Are Beta-Based Valuations Sound?
Beta’s influence among security analysts is due, in part, to its simplicity: It consists in a single number that heralds future returns. But simplicity doesn’t necessarily equal correctness.
In a famous 1992 paper, financial economists Eugene Fama and Kenneth French used stock-return data from the period 1963–1990 to show that stocks with higher betas did not realize higher returns. In other words, Fama and French found that there was no relationship between a stock’s beta measures and its returns.
Malkiel has confirmed Fama and French’s findings through his own study of mutual funds—according to Malkiel’s research, mutual funds with higher betas also don’t produce higher returns over the long run.

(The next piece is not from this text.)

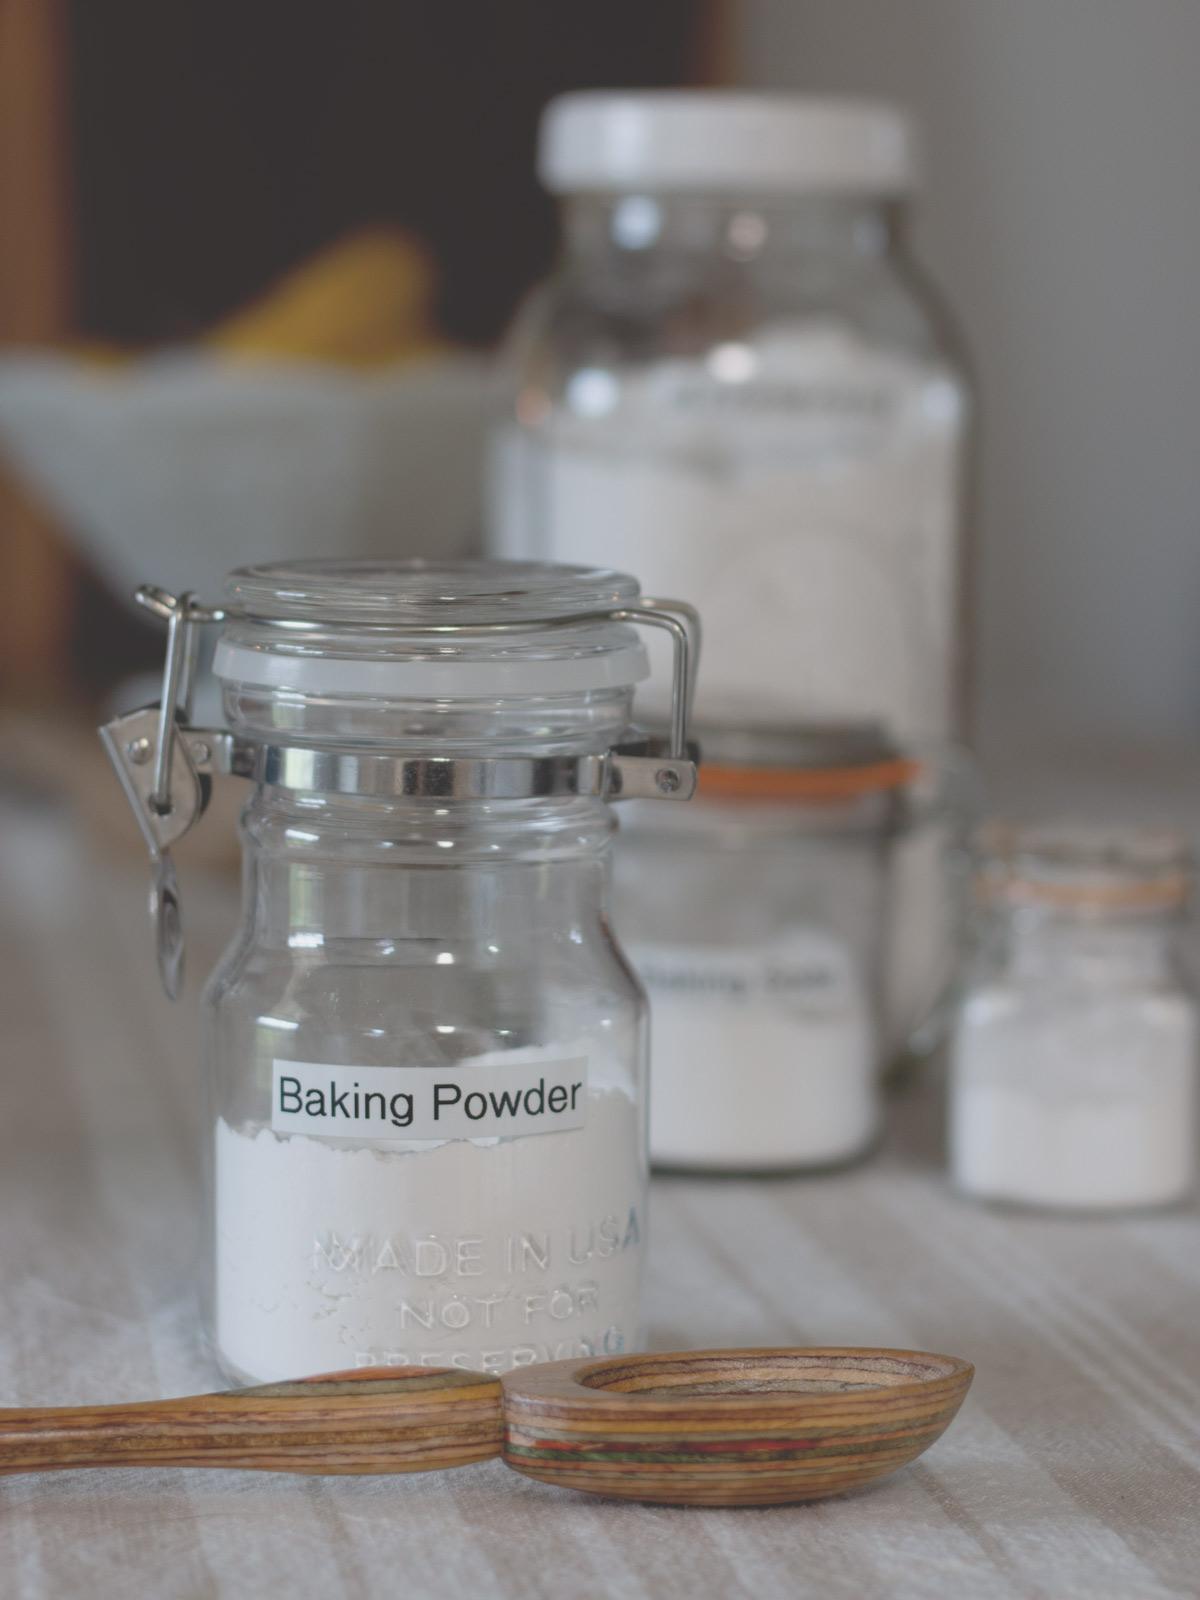 How to Make Gluten Free (Grain Free) Baking Powder
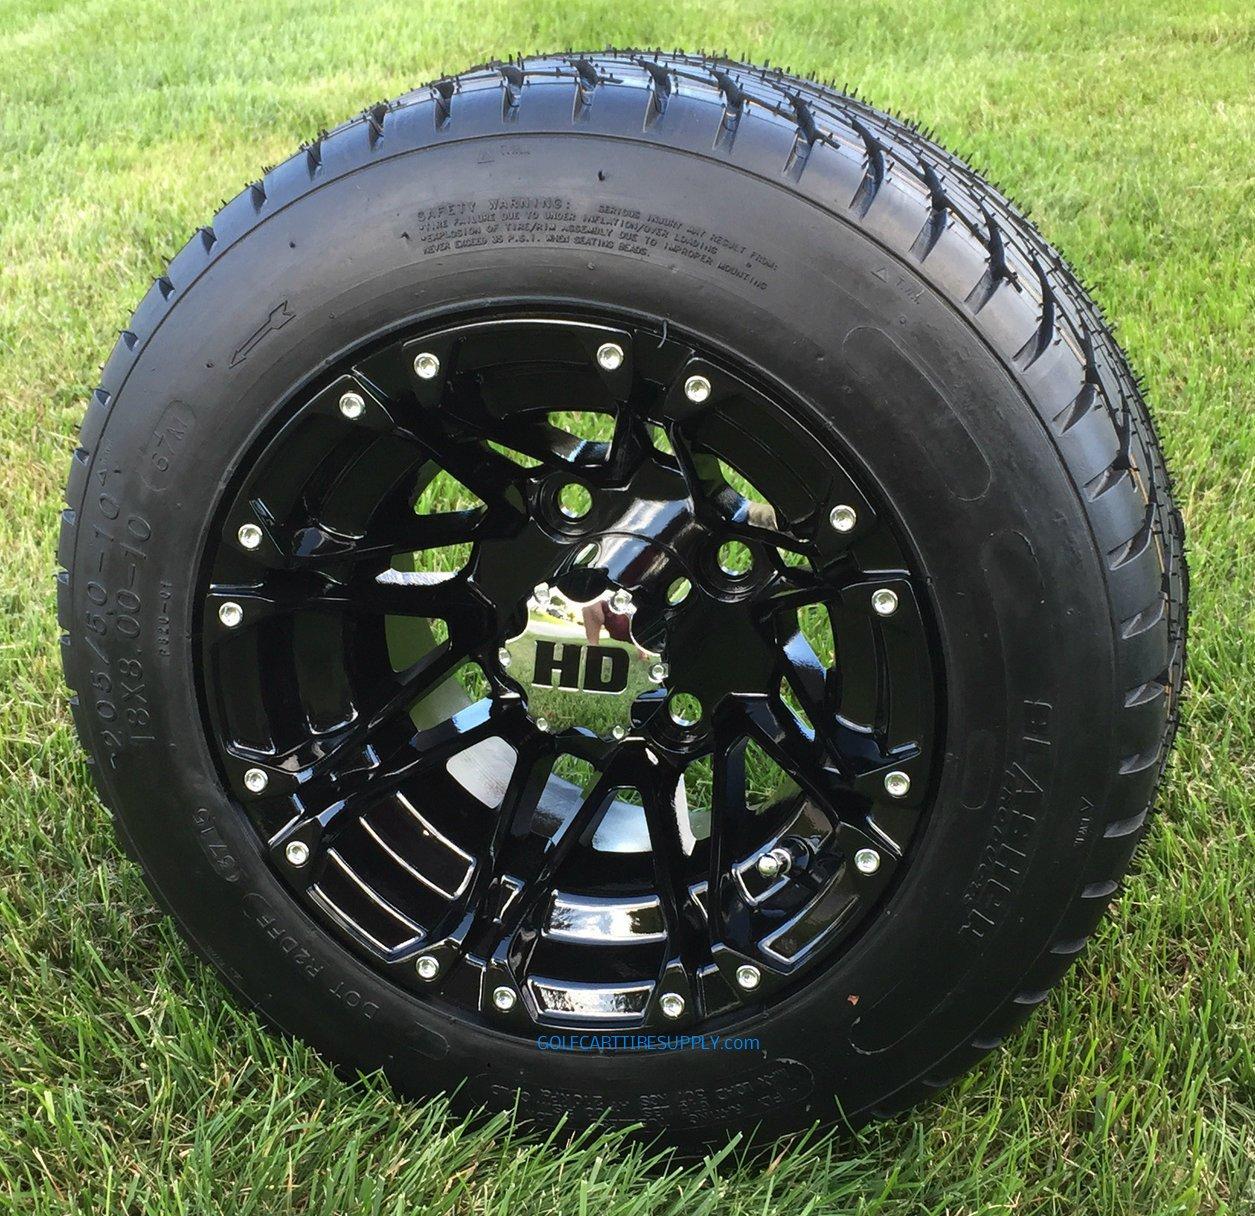 STI HD3 Black 10'' Golf Cart Wheels and Slasher GTX 205/50-10 DOT Golf Cart Tires Combo - Set of 4

Nevertheless, Malkiel isn’t quite ready to consign beta risk to the dustbin.
For one, even if a higher beta doesn’t necessarily entail bigger long-run returns, it does provide investors with actionable intelligence. For example, if Fama and French are right and higher betas don’t confer higher returns over the long-run, investors can use that knowledge and gravitate toward lower-beta stocks (which will secure them the same long-run returns with less volatility).
Also, it’s important to note that beta is nearly impossible to measure precisely. Many measures of beta use the S&P 500 Index as a proxy for the “market”—but the S&P 500 is actually a relatively select snapshot of the thousands of domestic and international stocks that comprise the market. More recent studies of beta than Fama and French’s have shown that, with more capacious indices of the market and more sophisticated measures of beta, higher betas are in fact predictors of higher long-run returns.
Beyond Beta Risk: Alternative Means of Measuring Risk
Because the usefulness of beta risk continues to be disputed, scholars of finance have sought alternative models for measuring risk and predicting returns. Two of the most well-known approaches are arbitrage pricing theory and the Fama-French three-factor model.
Arbitrage Pricing Theory
Pioneered by MIT economist Stephen Ross, arbitrage pricing theory (APT) builds on the (correct) insight that undergirds CAPM: that investors shouldn’t be rewarded for carrying unsystematic risk.
Where APT advances on CAPM is in its calculation of systematic risk. Whereas CAPM limits itself to beta—the sensitivity of stock or portfolio returns to those of the market in general—APT considers a host of systematic risk factors in addition to beta, including changes in national income, inflation, and interest rates.
Nevertheless, although APT’s more sophisticated calculation of risk shows promise, it still isn’t a foolproof method of measuring risk. (Shortform note: Malkiel doesn’t explain why it isn’t foolproof.)
Fama-French Three-Factor Model
APT is what’s known as a “factor” model—it “factors” an array of systematic risks into its calculations.
Another factor model, the Fama-French three-factor model, advances on CAPM by including two factors in addition to beta: the size of the company whose stock is being evaluated and the ratio of that company’s stock price to its “book” value. (A company’s “book” value is its total assets minus liabilities.) Fama and French argue that smaller companies are inherently riskier due to lower revenue streams or less robustness; they also argue that a low market price and high book value is a bear signal for that stock.
In short, the logic underlying both Fama-French and APT is the same: When assessing a stock’s systematic risk, measuring beta alone simply isn’t enough.